Most states allow you to sell certain homemade food products under cottage food laws without a commercial kitchen license. The rules vary by state, covering what you can sell, how much you can earn annually (caps typically range from $25,000 to $75,000), and where you can sell. You will usually need basic labeling with your name, address, and ingredients. Check your state's specific cottage food law before you start.
No. Cottage food laws typically allow non-potentially-hazardous foods: baked goods, jams, jellies, honey, candy, dry mixes, and similar shelf-stable products. Foods that require refrigeration (dairy, meat, cut fruit) are usually not allowed under cottage food laws. The specific list varies by state.
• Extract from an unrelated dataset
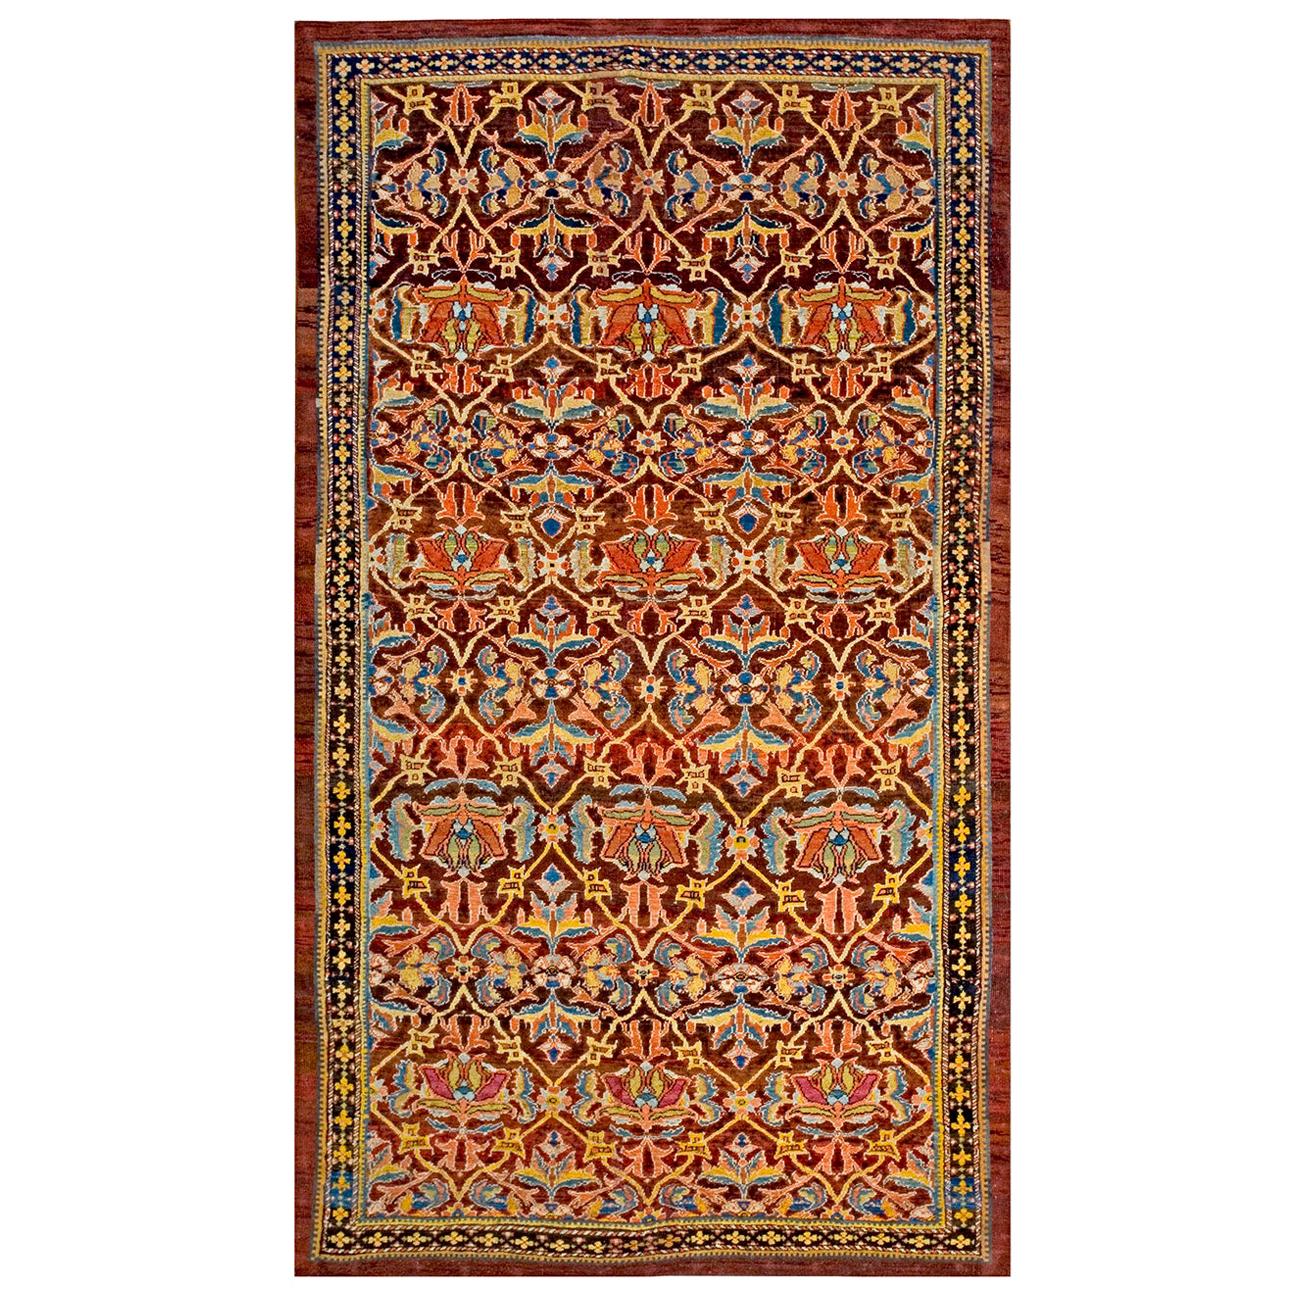 Antique Sultanabad Persian Rug 5' 0" x 9' 2"

The simplest approach is a platform with built-in payment processing, like Homegrown (2.9% + 30 cents per transaction). Customers pay when they place their order online. You do not need to set up a separate Stripe, PayPal, or Square account. Avoid relying on Venmo or Cash App for regular sales because they lack order tracking and make it difficult to match payments to specific orders.
Most home vendors can start for under $100 in total. Your biggest costs are ingredients for your first batch, labels and packaging ($20 to $50), and a platform subscription ($0 to $10 per month). You do not need expensive equipment, a commercial kitchen, or a web developer. The whole point of cottage food laws is to let you start small with what you already have.
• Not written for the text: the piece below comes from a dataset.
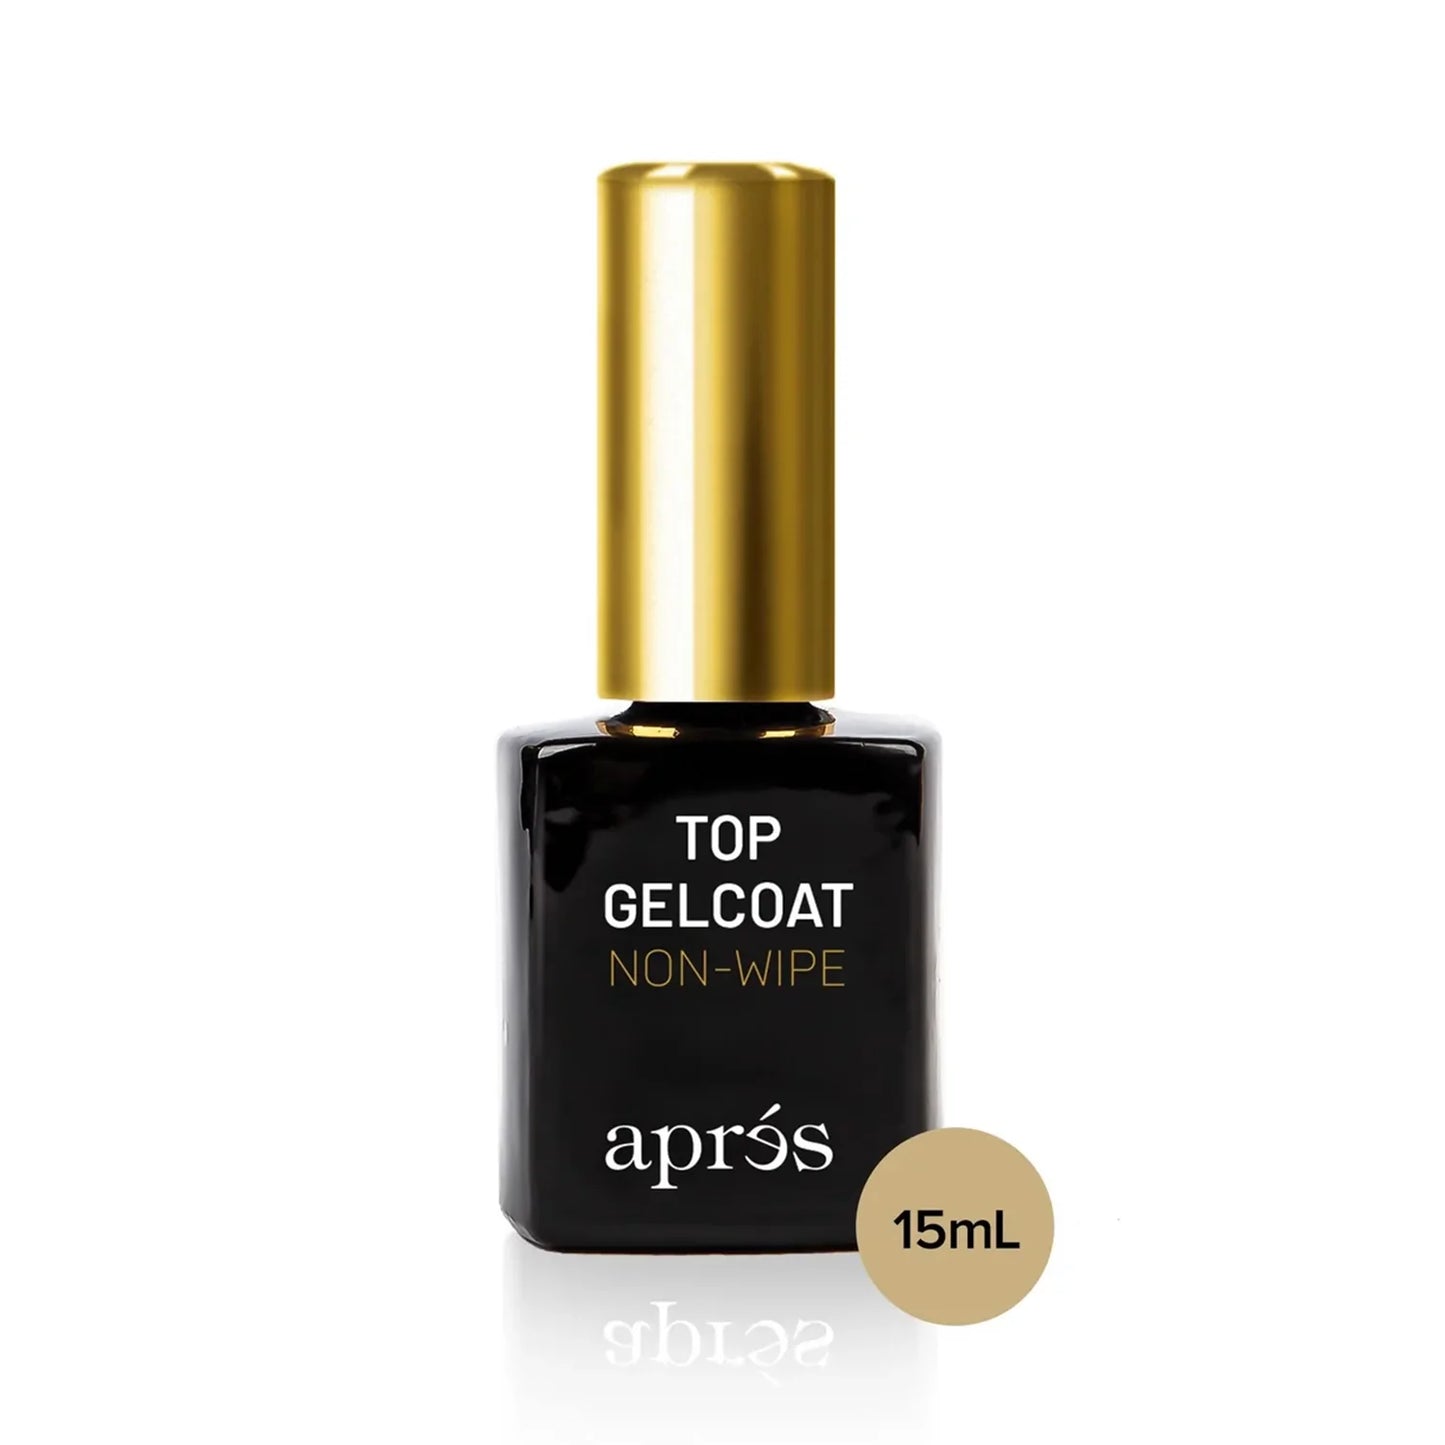 Non-Wipe Glossy Top Gelcoat

Set specific pickup windows (for example, Saturday 9 AM to 12 PM) and let customers choose a time when they place their order. Have orders packaged, labeled with the customer's name, and ready at your door or designated pickup spot. Platforms like Homegrown automate this by letting customers select a pickup window during checkout and sending them a confirmation with your address and instructions.
Both have a place, but for different reasons. A marketplace like Cookin or Facebook Marketplace helps new customers find you. Your own ordering page (like a Homegrown storefront) gives you control over your products, pricing, and customer relationships. The best approach for most vendors is to have your own ordering page for regular customers and use marketplaces for discovery, not as your primary sales channel.
Start by telling friends, family, and neighbors what you are making and gauge interest. Post on local Facebook groups or Nextdoor. If five to ten people say "I would buy that," you have enough demand to start. Most home food vendors do not need market research. They need to make their first batch, share a link, and see what happens. The cost to start is low enough that testing is cheaper than planning.